In this exercise, you will create a problem in a Linux instance by setting a static IP address, and then fix that issue. This technique only works forAmazon EBS-backed instances because there is no way to temporarily stop an Amazon S3 instance.
The basic technique is to mount the problem server's root file system as an ordinary data drive on a second, functional server. After it is mounted as a data drive, you can access that "data" drive and edit the files that control the behavior of the server.

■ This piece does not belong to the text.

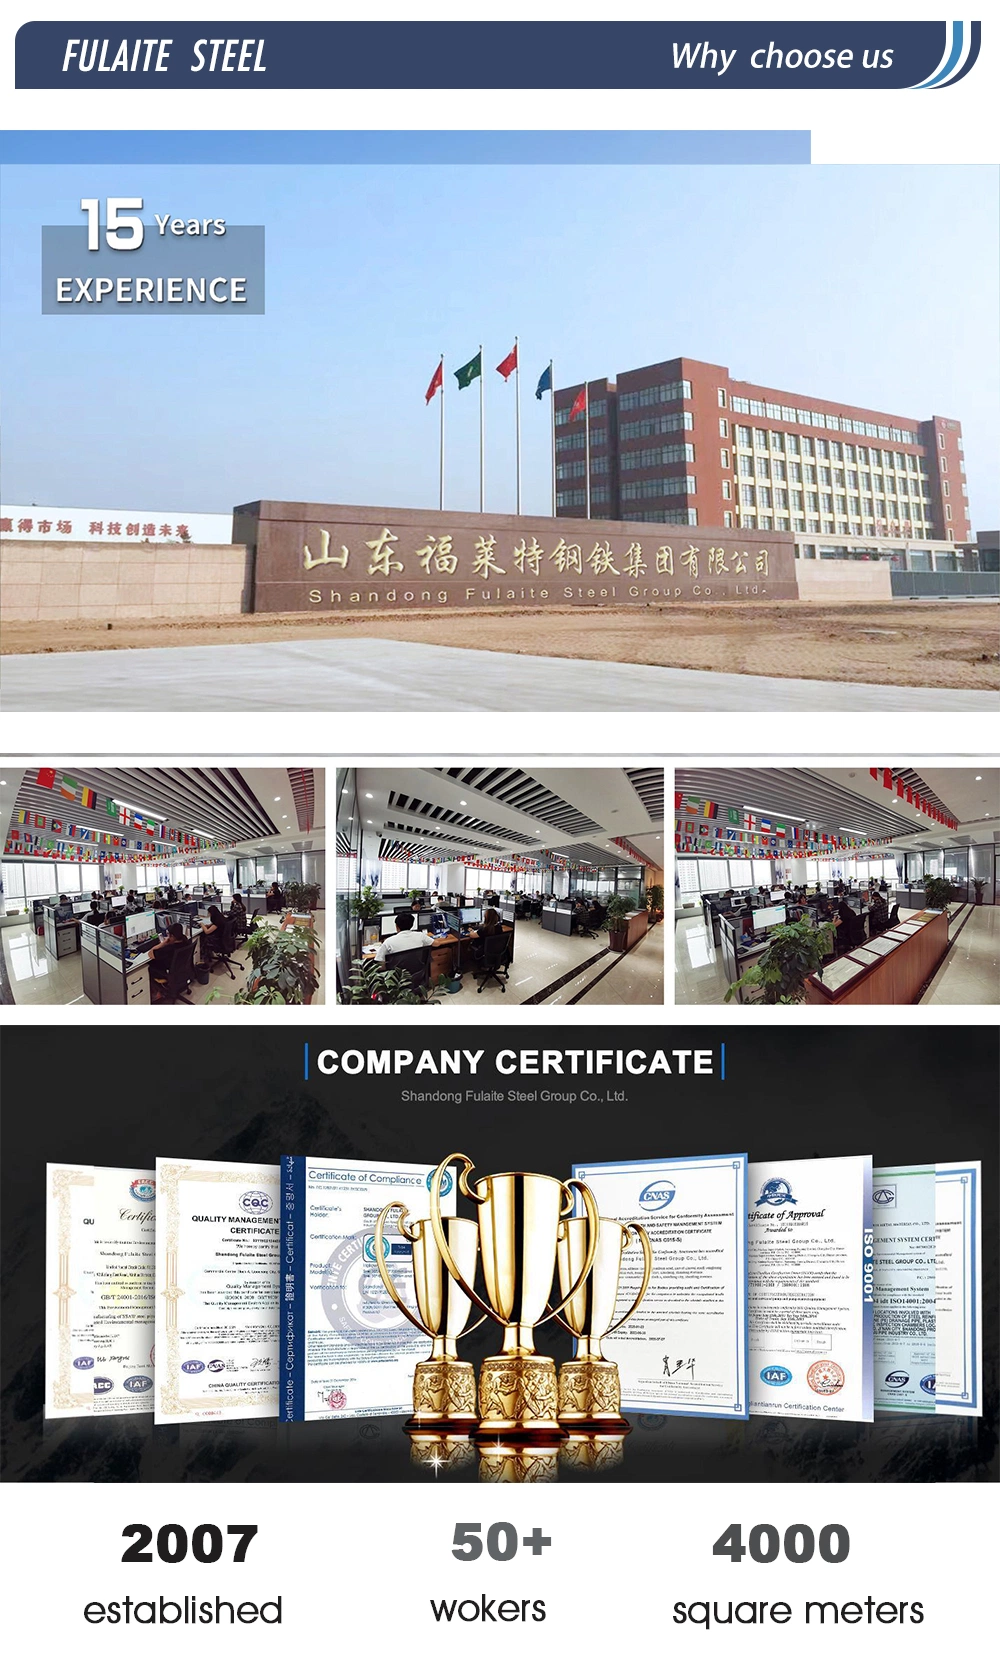 Chinese Manufacturer Prepainted Aluzinc Coils/Sheets Prepainted Roofing Printed PPGI/ Prepainted Galvalume Steel Coils 0.3mm

The steps that follow assume an intermediate level of computer skill. The instuctions initially walk you thru the steps and commands to launch and access a server. However when steps get repeated, these instructions assume that repeat screen shots are not needed because you have enopugh experience to figure out the repeated steps on your own.
Connect to the Server
Log in to the AWS Management Console, and then navigate to the Amazon EC2 console. The steps in this walkthrough work in any region, as long as all steps are performed in the same region and Availability Zone.
Click Launch Instances. It is not particularly important which instance you start, as long as it is an EBS-backed Linux instance.

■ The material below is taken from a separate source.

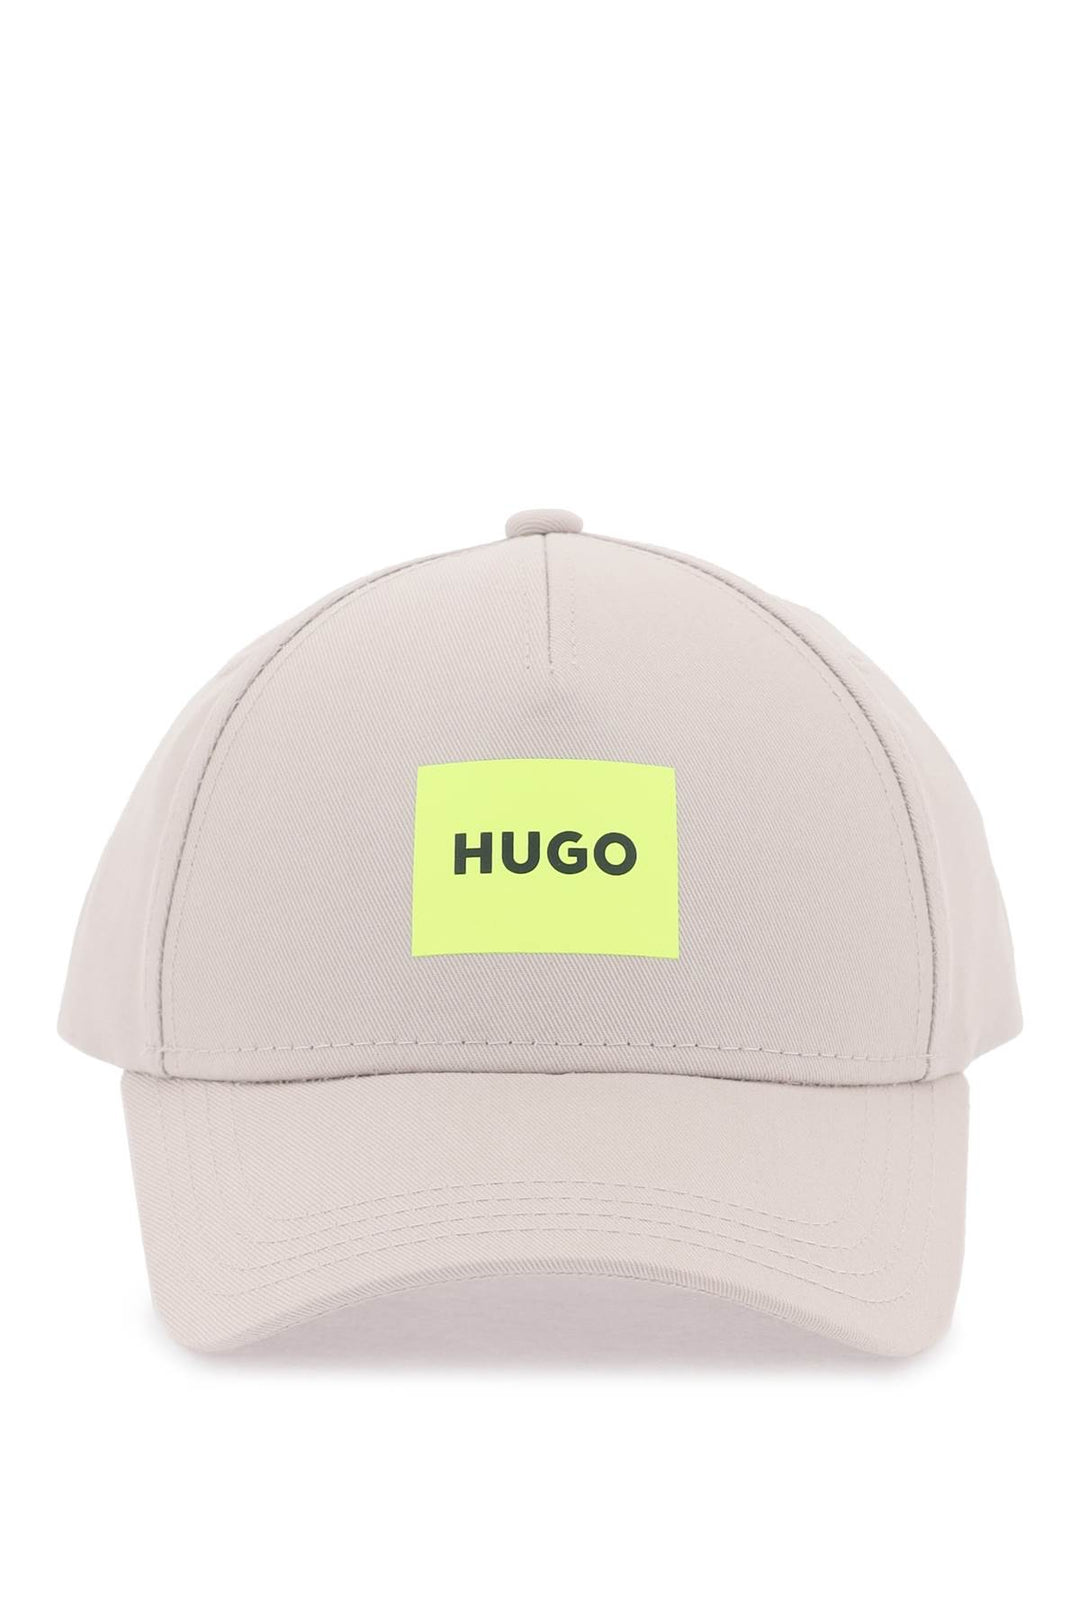 Hugo baseball cap with patch design-0

You need a key pair to log in to your instances. If you already have one, feel free to use it; otherwise, you need to create and download a new keypair now. The name is not important, but you must successfully download it to your local computer in a location that you can find later. The example below shows "My Key Pair".
Next, pick an AMI to launch and click Continue.
On the Create a New Instance page, click Edit details.
Launch a single instance of any instance type; for this walkthrough, you can launch a t1.micro instance and take advantage . It is important to name the server so as to avoid later confusion. The example below shows "Sacrificial Server".
Accept all the default settings, including No preference for the Availability Zone, and then click Save Details.
Launch the server.
After the server is running, copy the DNS address from the console. The server is running smoothly when 2/2 checks pass; select the checkbox in front of the server name to display the server details.
Connect to the Server
To connect to the server in this walkthrough, we use PuTTY, which as a SSH client for Windows; however, you can just as easily connect using SSH directly from a Mac or another Linux system. The following sections list instructions for connecting from either environment using the key pair.
Access the Server from a Mac or Linux System
Copy the key pair to the .ssh directory under your home directory, and then set things up to use the keypair file automatically. In the following example, the key name is specified in the command line for expediency.
ssh -i /path/to/MyKeyPair email@example.com
Note: While the original example key pair name ("My Key Pair") had spaces in it, the AWS Management Console removed them as spaces cause problems in Linux commands.
Access the Server from a Windows System Using PuTTY
This walkthrough assumes that you already have a SSH client installed. For more information about PuTTY setup instructions, see the PuTTY download page.
Because PuTTY does not understand Linux key pairs by default, start by converting the .pem file format to .ppk.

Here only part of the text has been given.